Three and a half minutes. That’s all it is. But the way he plays it — alternating between these quiet, almost suspended phrases and sudden, darker surges — it’s the kind of performance that makes you stop whatever you’re doing. I’ve probably listened to that track thirty times by now. It gets me every time.

Very Early is Bill Evans at his most introspective, and Getz finds exactly the right register for it. Waltz time. Unhurried. McNeely’s piano work here is genuinely lovely — he understands that less is more, especially behind Getz on a ballad.

Then Tempus Fugit closes the record and completely changes the mood. Bud Powell wrote it, and it moves — fast, urgent, almost a shock after the tender stuff on Side 2. It’s a good reminder that Getz could swing hard when he wanted to. He just didn’t always want to.

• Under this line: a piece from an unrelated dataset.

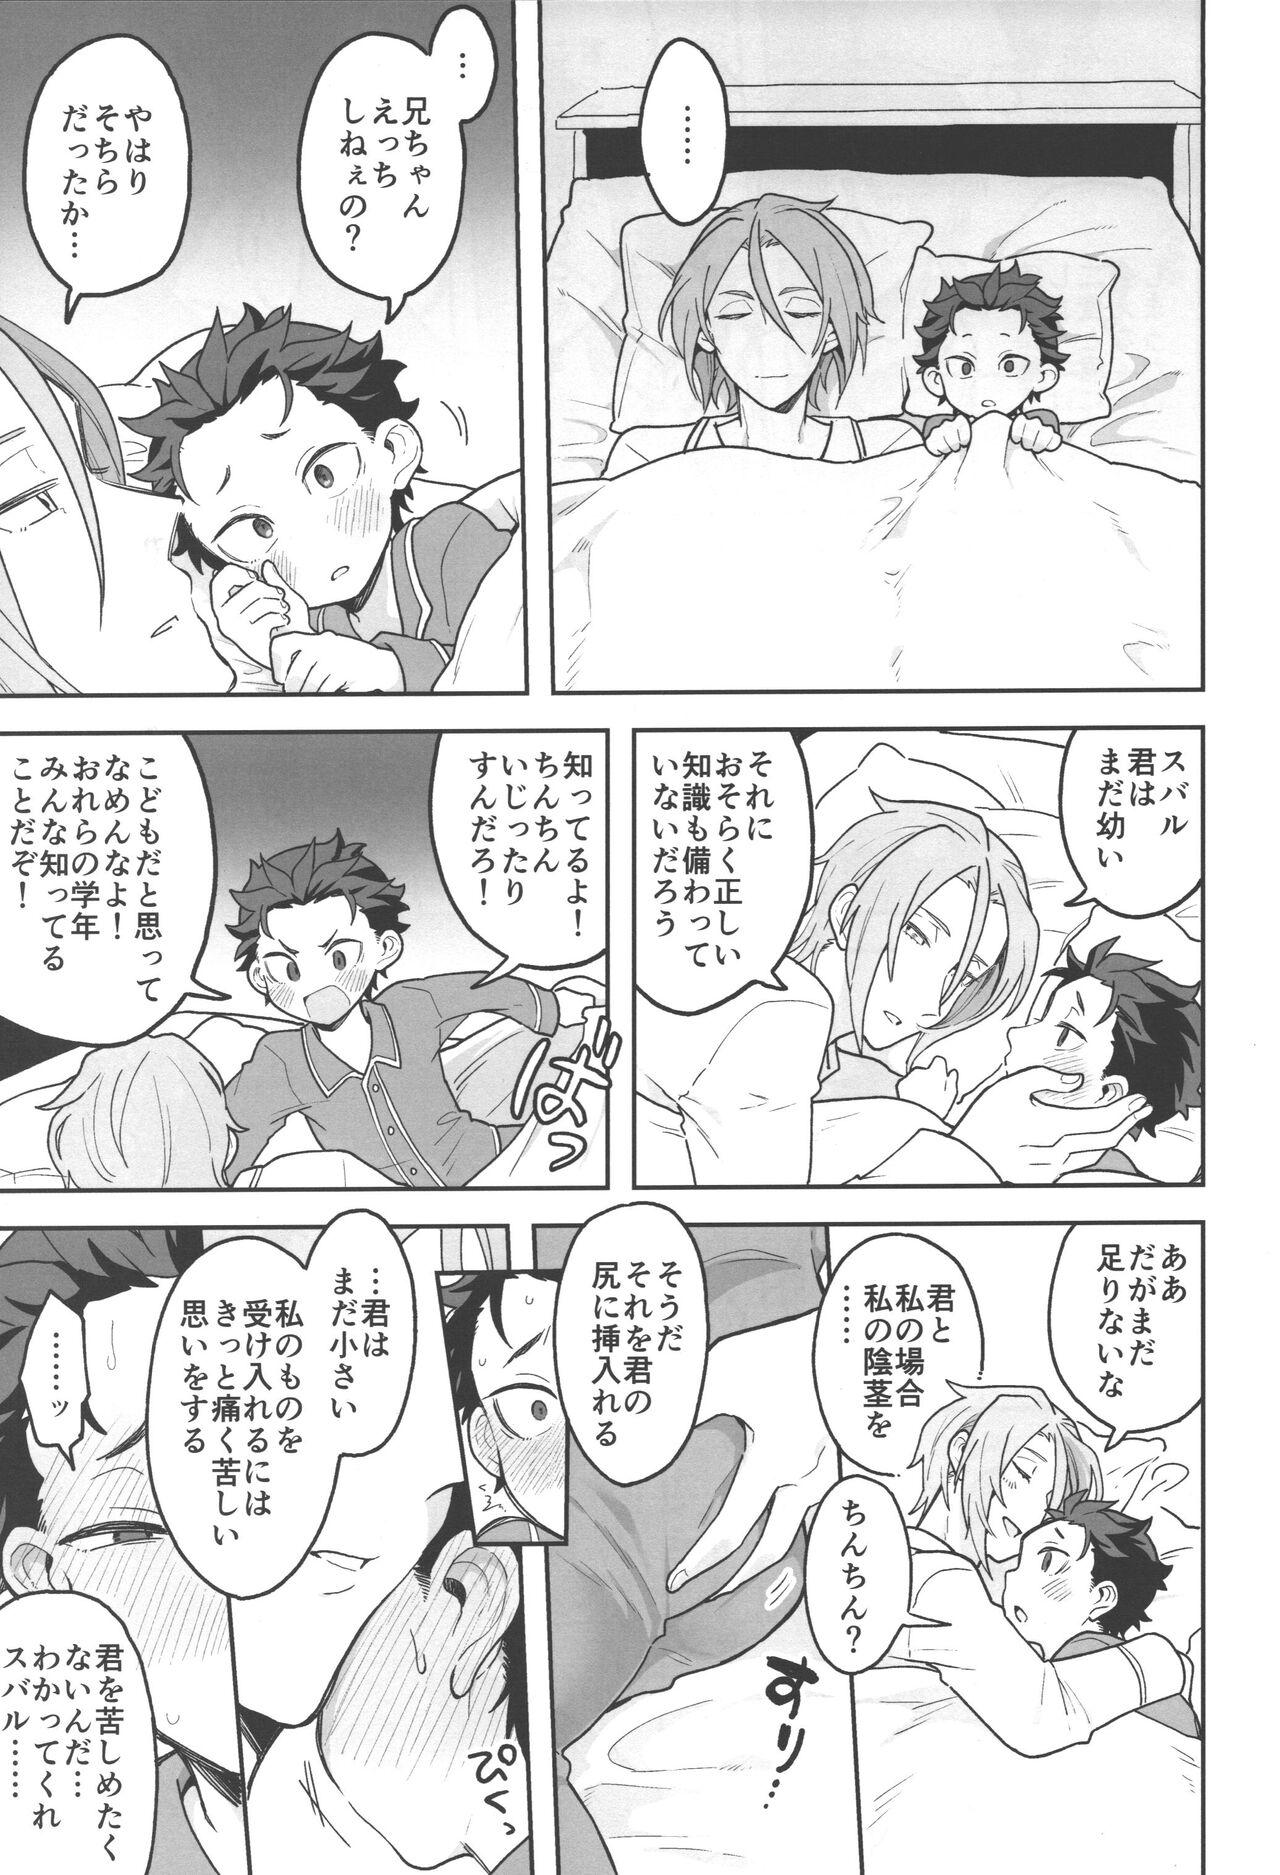 Consolo Julius Nii-chan to Issho - Re zero kara hajimeru isekai seikatsu Good - Page 8

Come Rain Or Come Shine runs over eight minutes and doesn’t outstay its welcome for a single second. Which is rare. Most eight-minute jazz ballads start to feel like they’re circling the airport by minute five. This one earns every second.

The Vinyl Pressing

My copy is the original Concord Jazz pressing from 1982 — CJ 188. It’s in good shape. Some light surface noise between tracks, nothing that bothers me. The pressing itself is clean and the dynamic range is noticeably wide. Acoustic jazz from this era, recorded well, tends to sit on vinyl beautifully — no compression issues, no digital harshness. It just sounds like instruments in a room, which is exactly what it is.

If you’re hunting for a copy, Discogs usually has them for reasonable money. Check the condition notes carefully — the gatefold sleeve is prone to seam splits on older copies.

How I Recorded the Video

I recorded the full album playback on my Technics SL-1200 MK3D. The cartridge I was running at the time was an Ortofon DJ Mk1 fitted with an Arkiv stylus — not the typical setup people reach for with jazz, but I’ve found it tracks beautifully on well-pressed records and the Arkiv tip is surprisingly musical for something designed with DJ use in mind. More detail in the high frequencies than you’d expect. Better stylus-to-groove contact on dynamic passages.

The RIAA equalization goes through my Yamaha HA-5 phono equalizer — a humble, underrated little unit that I’ve written about separately. It handles the MM signal cleanly and adds nothing I don’t want. From there, I ran the signal into a Roland GO:MIXER PRO-X, which handles the analogue-to-digital conversion and outputs directly via USB. Video was captured on my iPad Pro 2020 in video mode alongside the audio.

It’s not a complicated rig. Turntable → phono stage → mixer → iPad. But every component in that chain is doing its job properly, and on a record like Pure Getz — where the music is mostly saxophone, piano, bass and drums in a quiet room — the signal path transparency matters. There’s nowhere for a weak link to hide.

Why This Record Belongs in Your Collection

I’m not going to oversell it. Pure Getz isn’t the most famous Stan Getz album. If you’re new to him, people will tell you to start with Getz/Gilberto, and they’re probably right. But this one is the one I keep coming back to. There’s something about the combination of repertoire, the band chemistry, and where Getz was in his career that makes it feel extraordinarily personal.

He was 54 when he recorded it. He had about eight years left. And he sounds completely at peace with who he was as a musician — not chasing anything, not proving anything. Just playing.

That’s a rare thing to hear on a record. And on vinyl, with the warmth and the room noise and the slight hiss between phrases, it sounds even more present. Like he’s actually there.

Put it on sometime when you’ve got the house to yourself. Side 2 especially. Start with I Wish I Knew. See where it takes you.